Questions are relevant to the investigation
Includes a time frame/unit in the question.
Includes non-overlapping, exhaustive option boxes.
Questions should not be offensive/personal/embarrassing
Questions which are easy to analyse the results.
problems with questionnaires - non-response
when people in the sample do not respond to the questionnaire. Could be due to people not wanting to answer the questionnaire or not understanding the questions.
o Follow up on people who have not responded.
o Collect each questionnaire yourself.
o Offer an incentive to complete the questionnaire such as the opportunity to win a prize.
o Use a pilot survey to test response rate or understandability of questions.
problems with questionnaires - sensitive questions
Includes questions about people’s health, age, weight, salary etc. May make people uncomfortable so they may not answer truthfully which could distort the results.
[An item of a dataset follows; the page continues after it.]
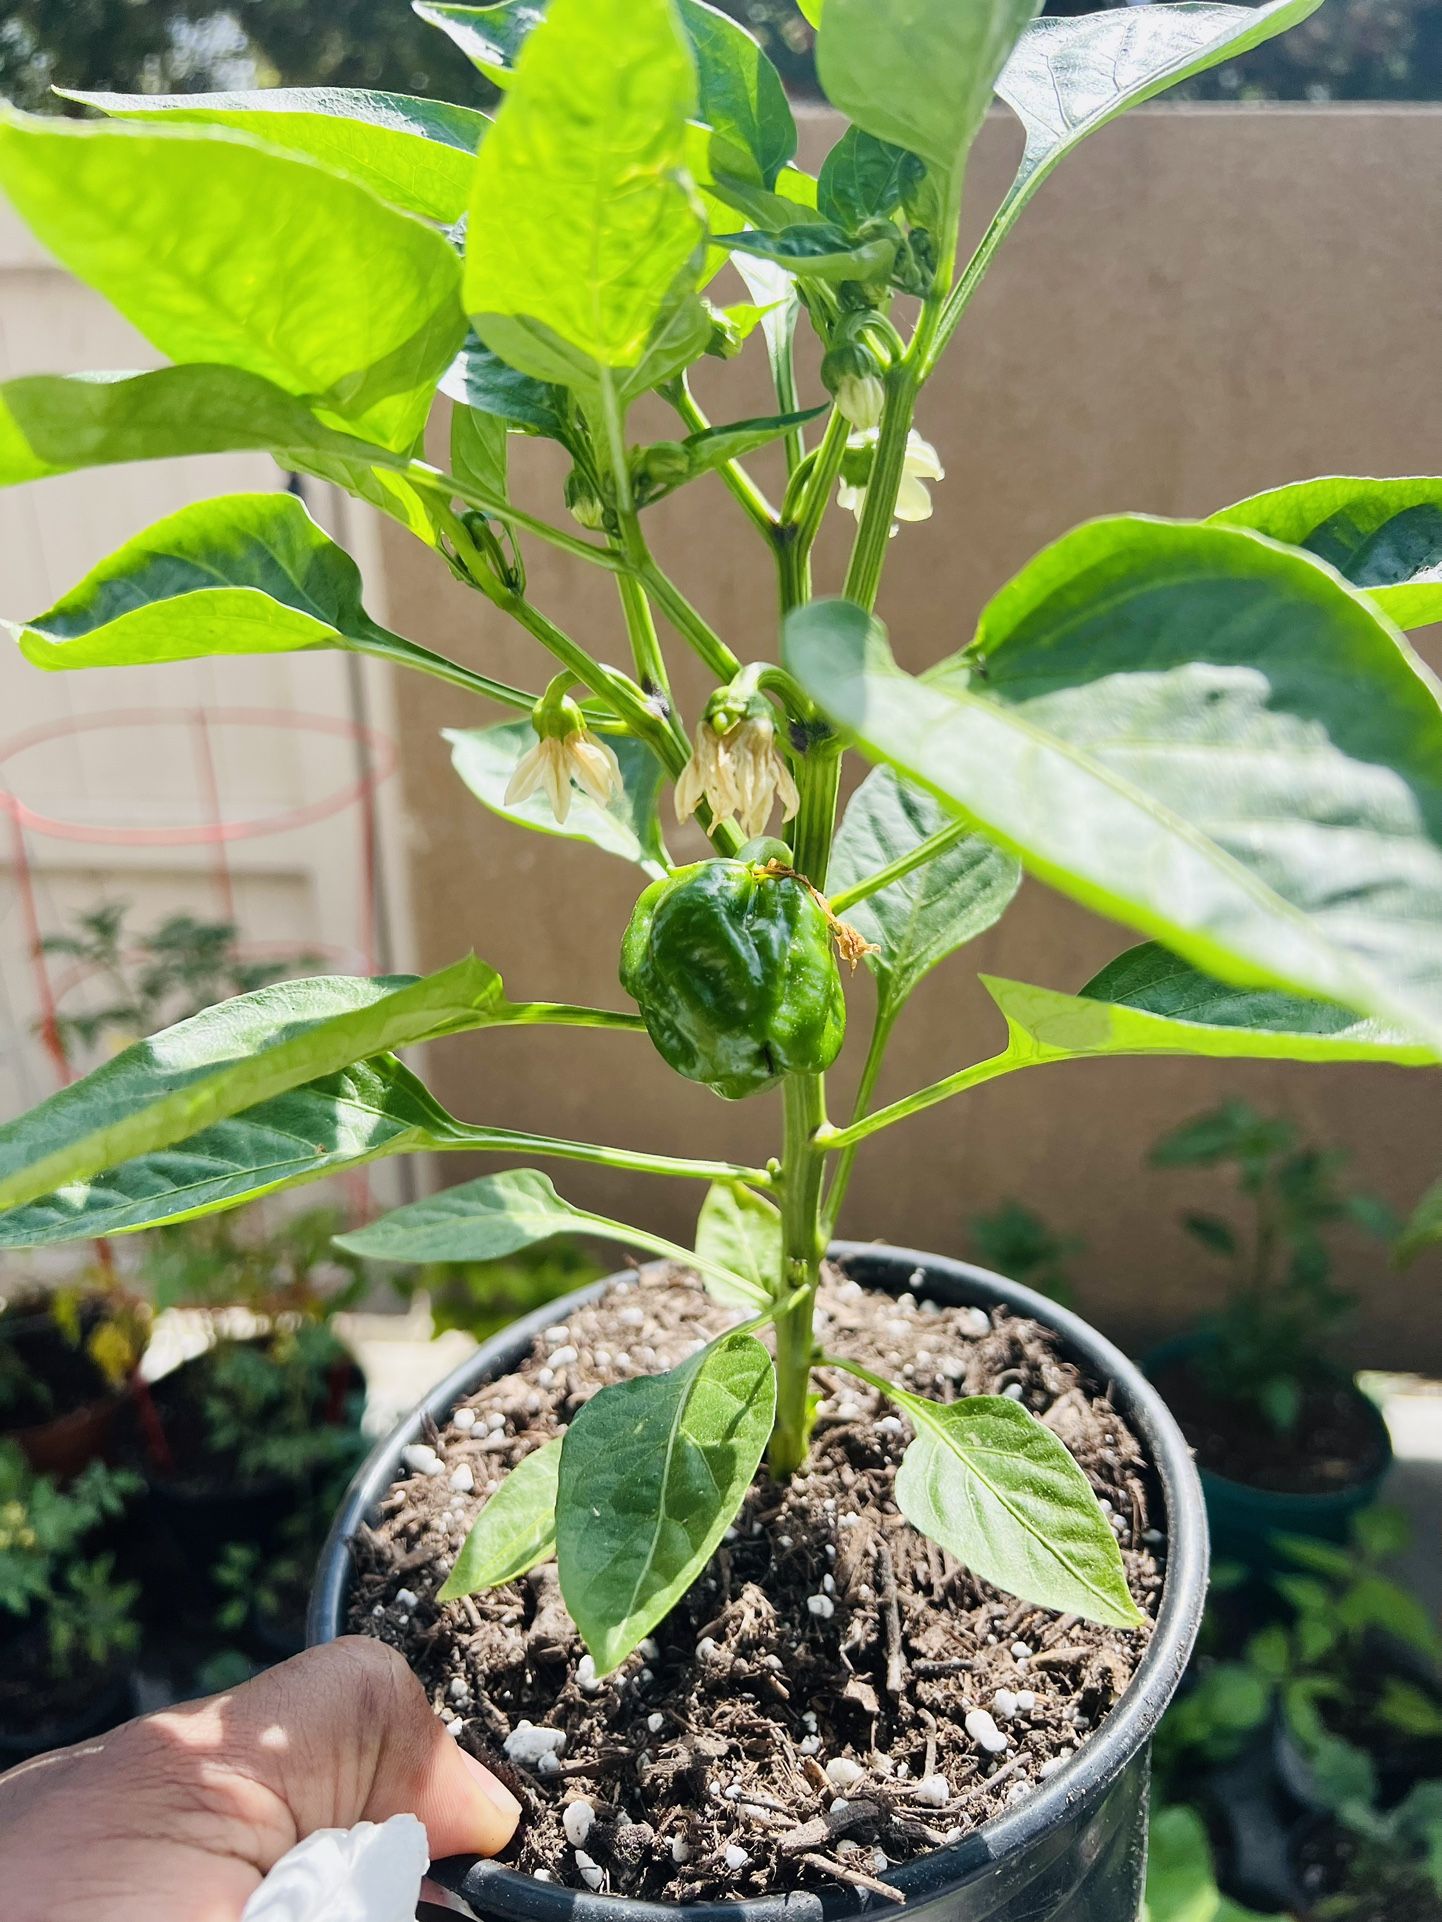 Pepper Plant “California Wonder”
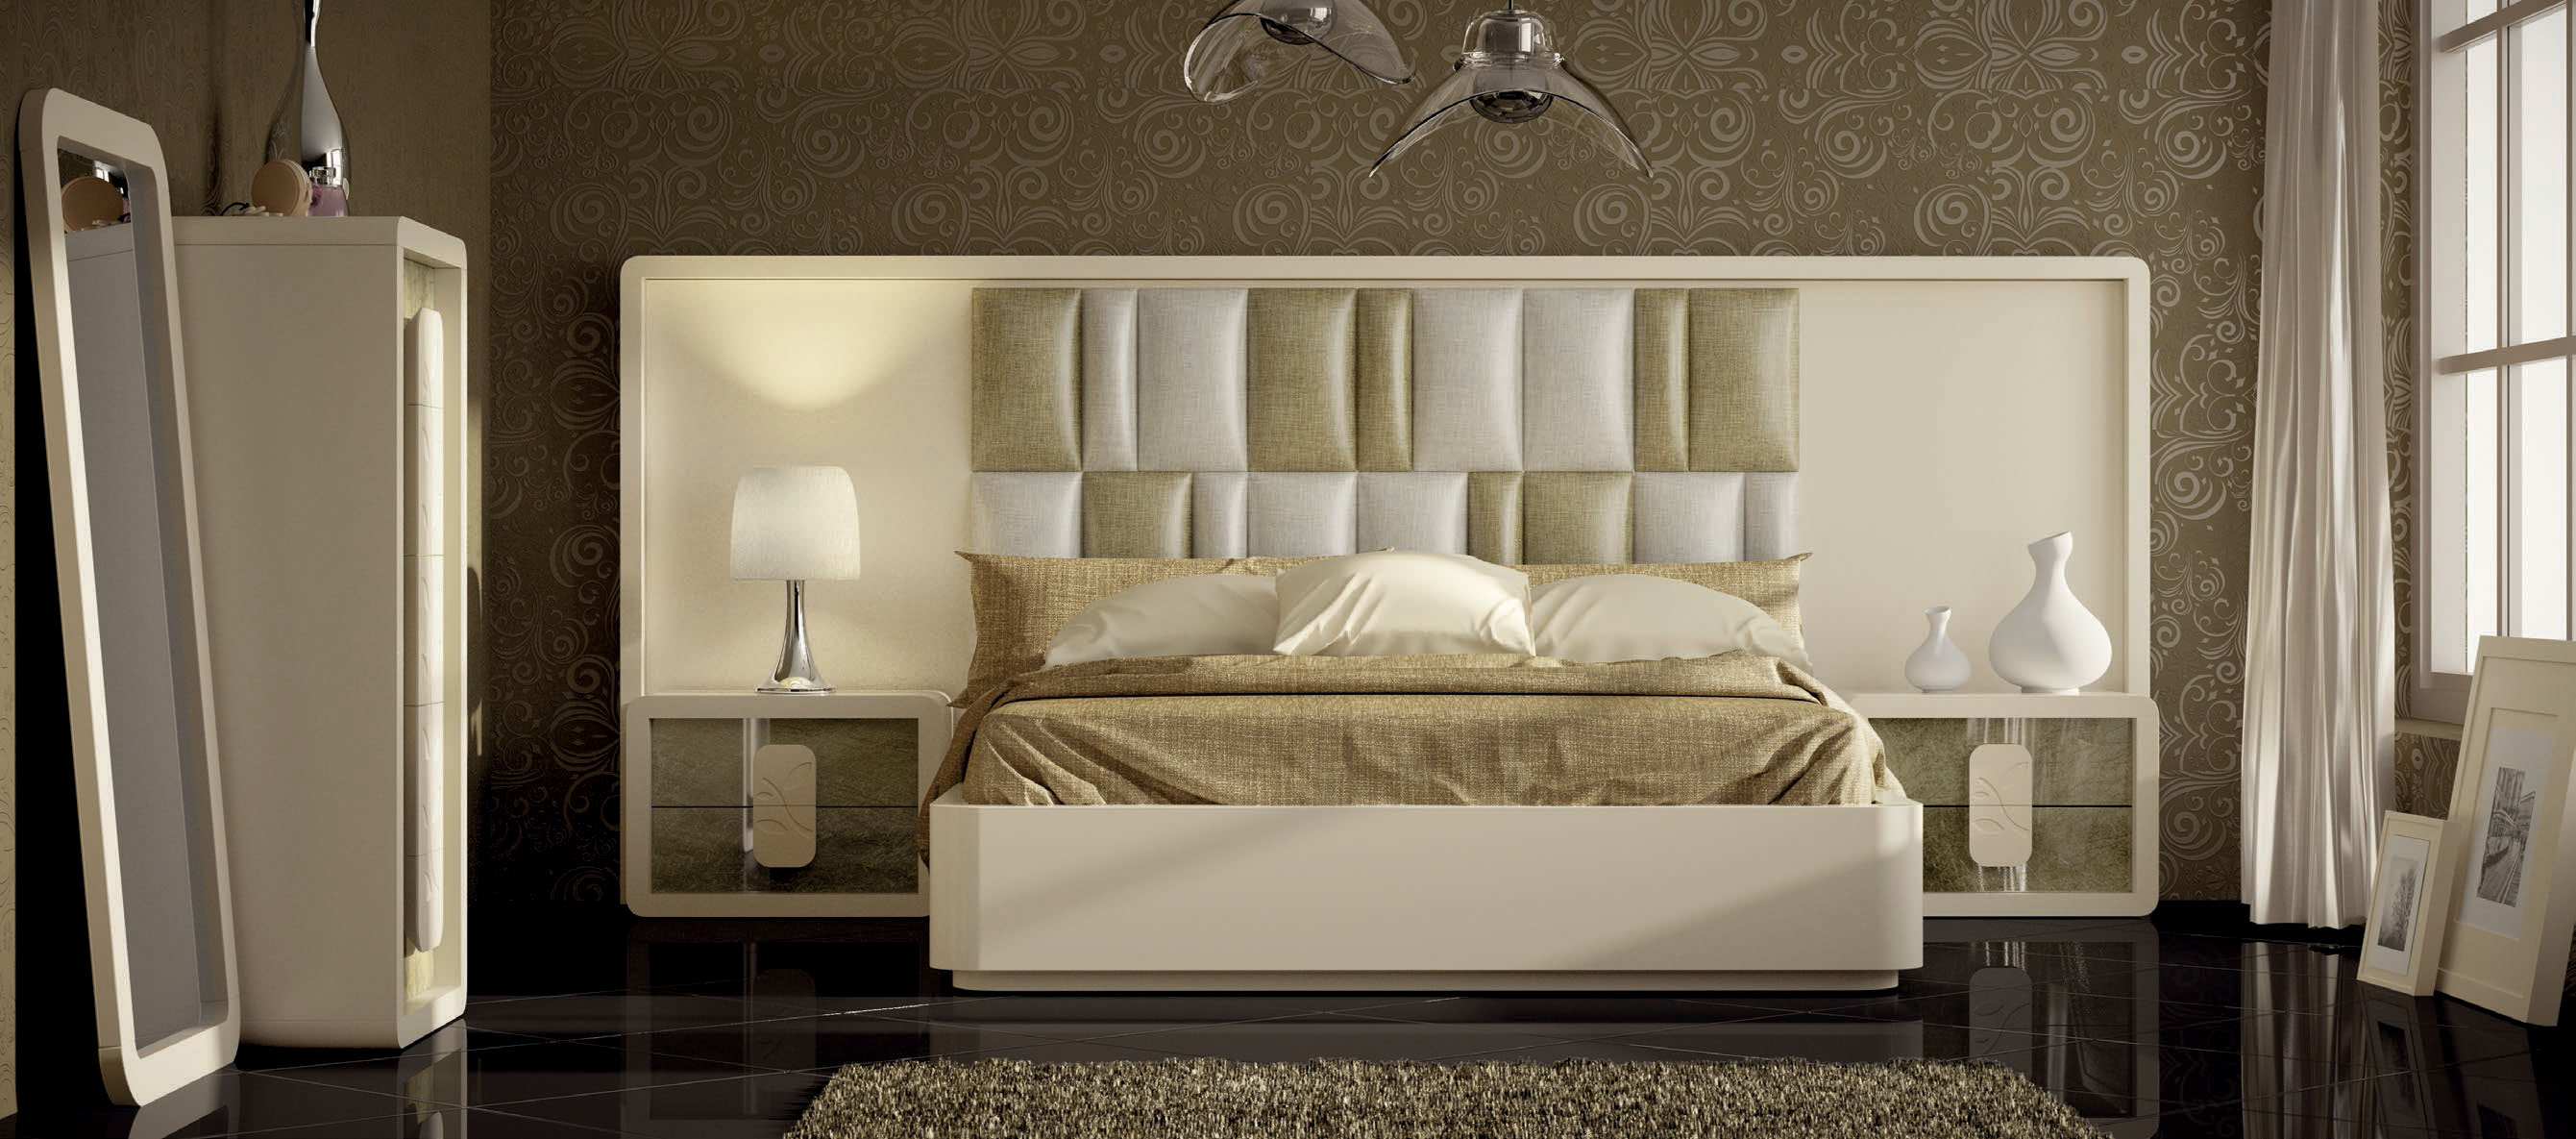 Brands Franco Furniture Bedrooms vol3, Spain DOR 171

You can make respondents more comfortable by making the questionnaire anonymous and allowing them to answer the questionnaire in private or by using the random response method.
random response method
Uses a random event to decide how to answer a question which ensures that people who answer the question remain anonymous. You can use the survey results to calculate an estimate for the proportion of people who answered yes to the sensitive question.
random response method steps
1. Find total who answered questions.
2. Find prob. (heads) if it is a coin.
3. Estimate no. of heads – Prob x total
4. Estimate number of “yes” answers that were truthful;
Yes answer – estimated no of heads
5. Estimate proportion of people who did the crime = D/C
pilot study
A small scale replica of the study to be carried out. Used to test the design and methods of the questionnaire
pros of pilot study
Helps you spot any questions that are unclear or ambiguous.
Gives you an idea of the response rate
Allows you to check the time and costs of the study.
You can check that closed questions include all the possible answers.
Can use pilot study to check that the questionnaire collects all the information needed.
interviews
where you question each person individually. Involves lots of specific questions or a list of topics. Can be carried out face to face or over the phone or internet.
interview advantages
interviewer can explain
interviewer can put people at ease when having to answer personal qs
respondents can explain their answers
high response rate
anonymous questionnaires advantages
respondents more likely to answer personal questions
no interviewer bias
easy to send questionnaires to large sample size
quick
cheap
interview disadvantages
less likely to answer personal questions and may be less honest
time consuming
expensive
smaller sample size than questionnaire
interviewer bias - interviewer may interpret answers to suit their opinion
respondent may try to impress/guess the answer the interviewer wants
anonymous questionnaire disadvantages
some questions may not be understood
researchers may not understand some of the responses
low response rate
problems with collected data - outliers
values that do not fit in with the pattern or trend of the data. Can be extreme values or incorrectly recorded. If incorrectly recorded, these can be ignored. If extreme values, you need to decide whether or not to include them in the data as they may distort/skew your results
problems with collected data - cleaning data
fixing problems with the data. This could be done by:
Identifying and correcting/removing incorrect data values or outliers.
Removing units or symbols from the data,
Putting all the data in the same format e.g. m/cm, capital/lowercase, words/letters.
Deciding what to do about missing data.